Aid Worker Security Codebook
A more in-depth explanation of the Aid Worker Security Database methodology is available in the codebook.
Incident data is collected both from public sources, through systematic media filtering, and from information provided directly to the project by aid organisations and operational security entities. The project also maintains agreements with a number of regional and field-level security consortiums for direct information sharing and verification of incidents.
Incident reports are crosschecked and verified with the relevant agencies on a quarterly basis. The latest, unverified incidents are provided on the online database with the qualification that the numbers are provisional and may change.
Parameters and definitions
The AWSD is a global compilation of reports on major security incidents involving deliberate acts of violence affecting aid workers.
"Major incidents" are defined as killings, kidnappings, and attacks that result in serious injury.
"Aid workers" are defined as the employees and associated personnel of not-for-profit aid agencies (both national and international) that provide material and technical assistance in humanitarian relief contexts. This includes both emergency relief and multi-mandated (relief and development) organizations: NGOs, the International Movement of the Red Cross/Red Crescent, donor agencies and the UN agencies belonging to the Inter-Agency Standing Committee on Humanitarian Affairs (FAO, OCHA, UNDP, UNFPA, UNHCR, UNICEF, UN-Habitat, WFP and WHO) plus IOM and UNRWA. The aid worker definition includes various locally contracted staff (e.g., drivers, security guards, etc.), and does not include UN peacekeeping personnel, human rights workers, election monitors or purely political, religious, or advocacy organizations.

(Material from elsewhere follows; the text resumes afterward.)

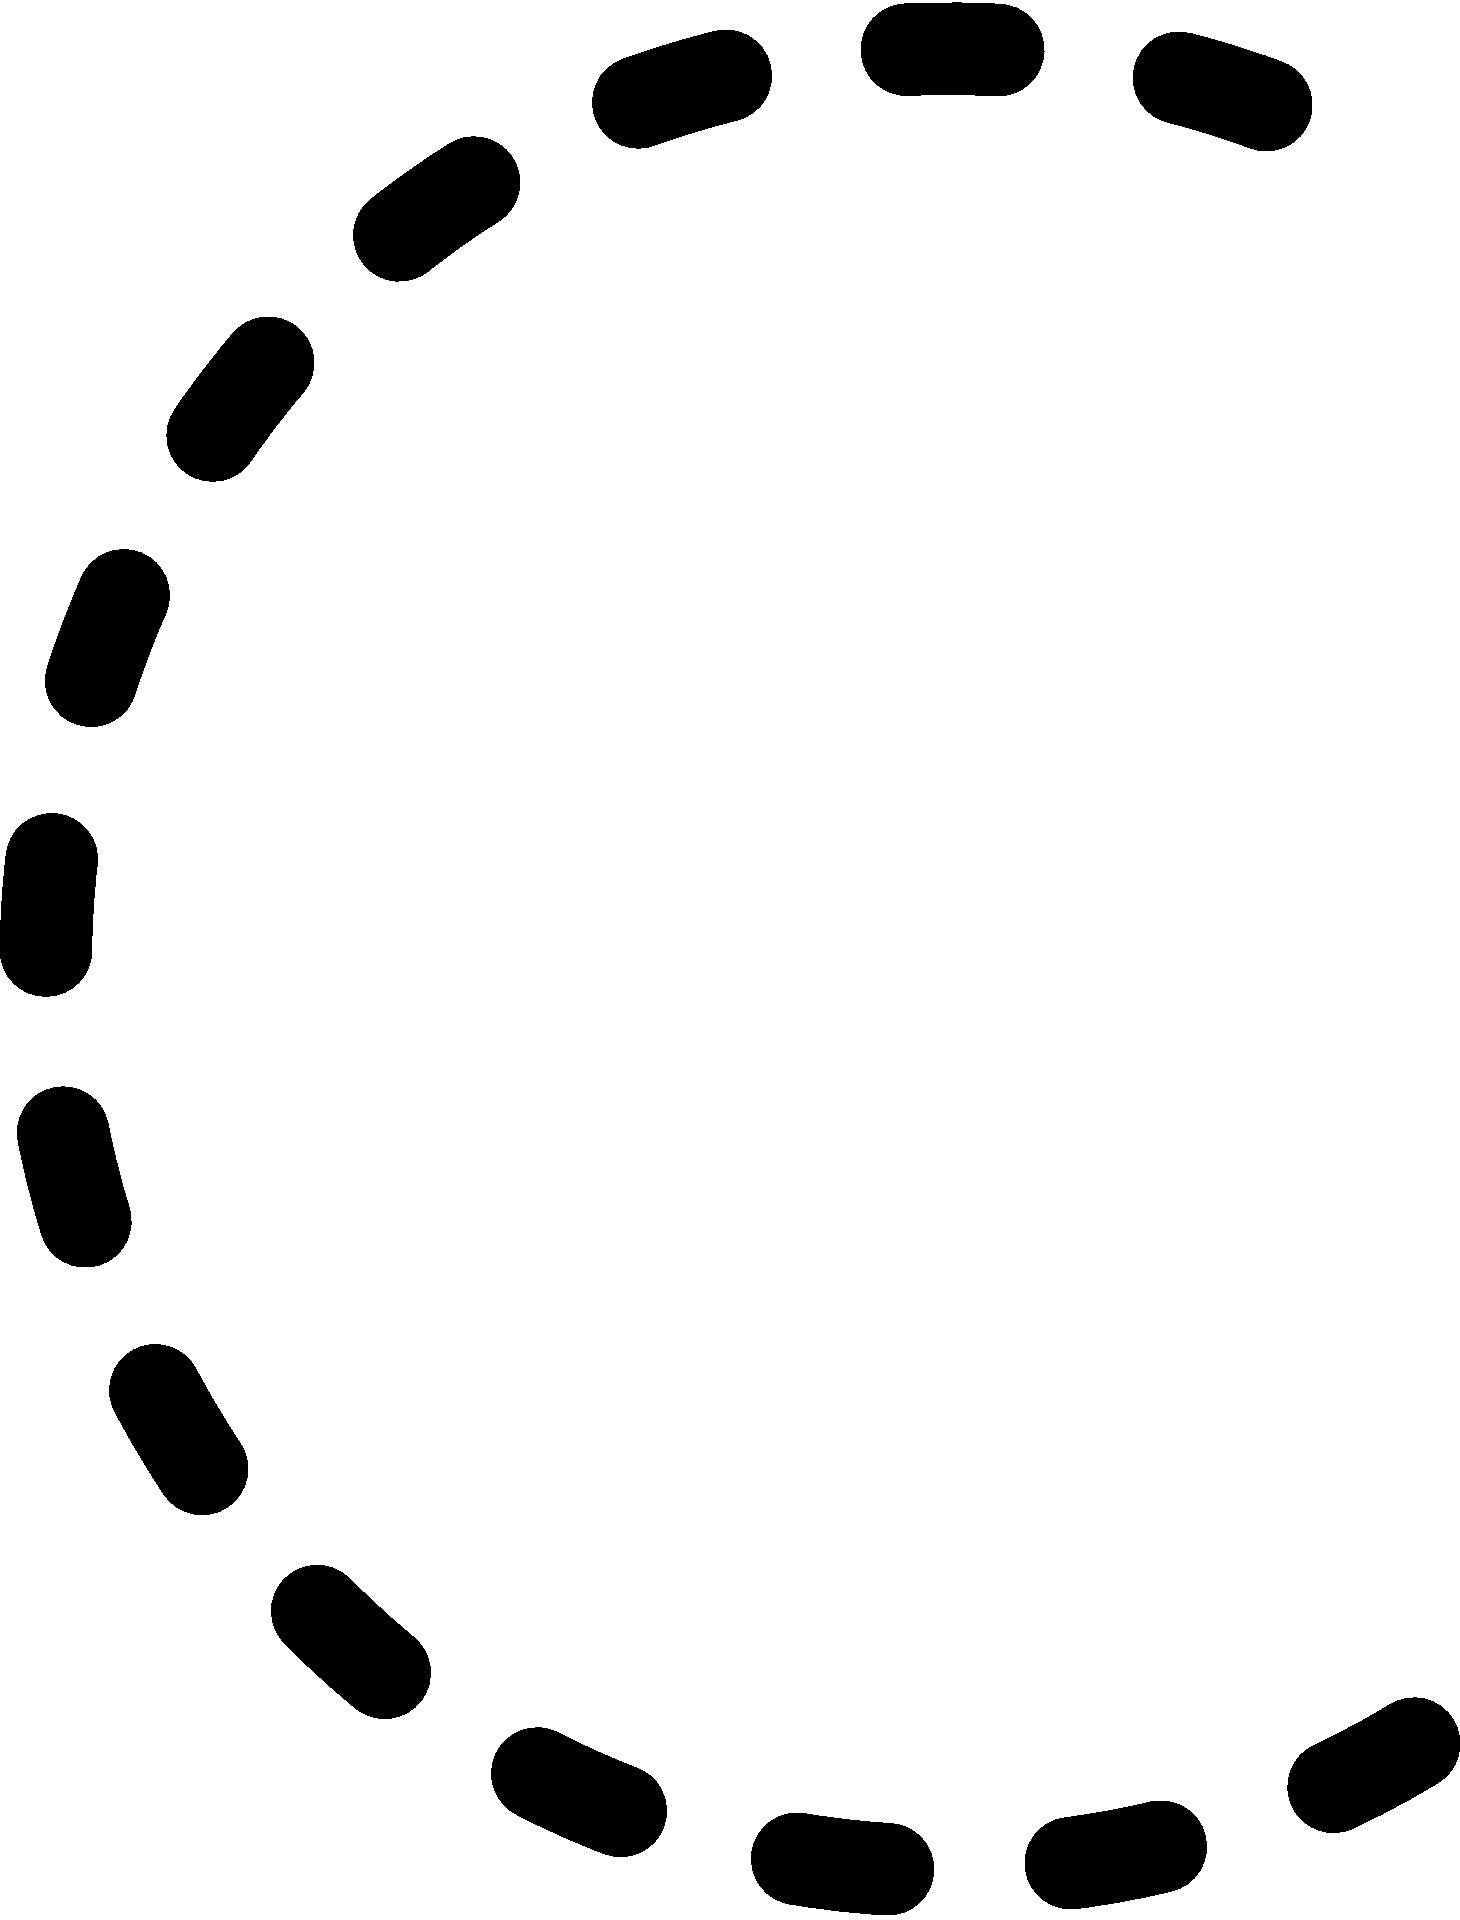 Dashed Line Of Alphabet Letter C Free Image

High insecurity for aid workers can significantly reduce access to a needy population and limit both the amount and quality of aid provided. To better understand and measure this serious implication of aid worker attacks, the research team is, therefore, increasing documentation of the impacts of this insecurity, such as suspensions of programmes and withdrawals.
For each incident, the database records the:
- Country and specific location, including geocodes
- Number of aid workers affected (victims)
- Sex of victims
- Institutional affiliation of victims (UN/Red Cross/NGO/other)
- Type of staff (national or international)*
- Outcome of the incident (victims killed/wounded/kidnapped)
- Means of violence (e.g. shooting, IED, aerial bombardment)
- Context of attack (ambush, armed incursion, etc.)
- Summary of incident (public details)
* Note: there are a small number of reports in which the information is unclear whether the victim was a national or international staffer. In these cases they have been entered as national staffers, pending verification, given this greater likelihood.
For all of the above categories, blanks indicate it was not possible to make a reasonable determination given the information available.
Confidentiality and anonymity
The database does not include the names of individual victims or the agencies affected by an incident. This is done in consideration of the victims and their families who may not wish to have the names publicised in this format, and to afford equal respect to the many victims for whom this information is not available. The institutional affiliations are listed within broad categories (UN/Red Cross/NGO/other) to encourage open sharing of what is considered sensitive information from an organisational perspective.
Requests for specific incident information for a particular agency can be made directly to the research team, but only by representatives of that agency.
Spatial data information
Humanitarian Outcomes would like to thank Integrated Regional Information Networks (IRIN) for undertaking a major effort in providing much of the geospatial information of aid worker incidents going back to 1997. Their efforts captured geocodes for over 1,000 incidents. Geocodes were attributed to locations by using OpenCage, Nominatim, Open Street Map, and GeoNames, which were used under Open Database and Creative Commons licenses.
Best efforts are always made to provide precise coordinate locations. However, occasionally, precise location information is unavailable. In those incidents, where only the general area location are known, the geocodes were placed at the closest center-point to the location. In instances where multiple events occurred in the same location, there may be some offset so that incidents could be better visualized once imported onto a map.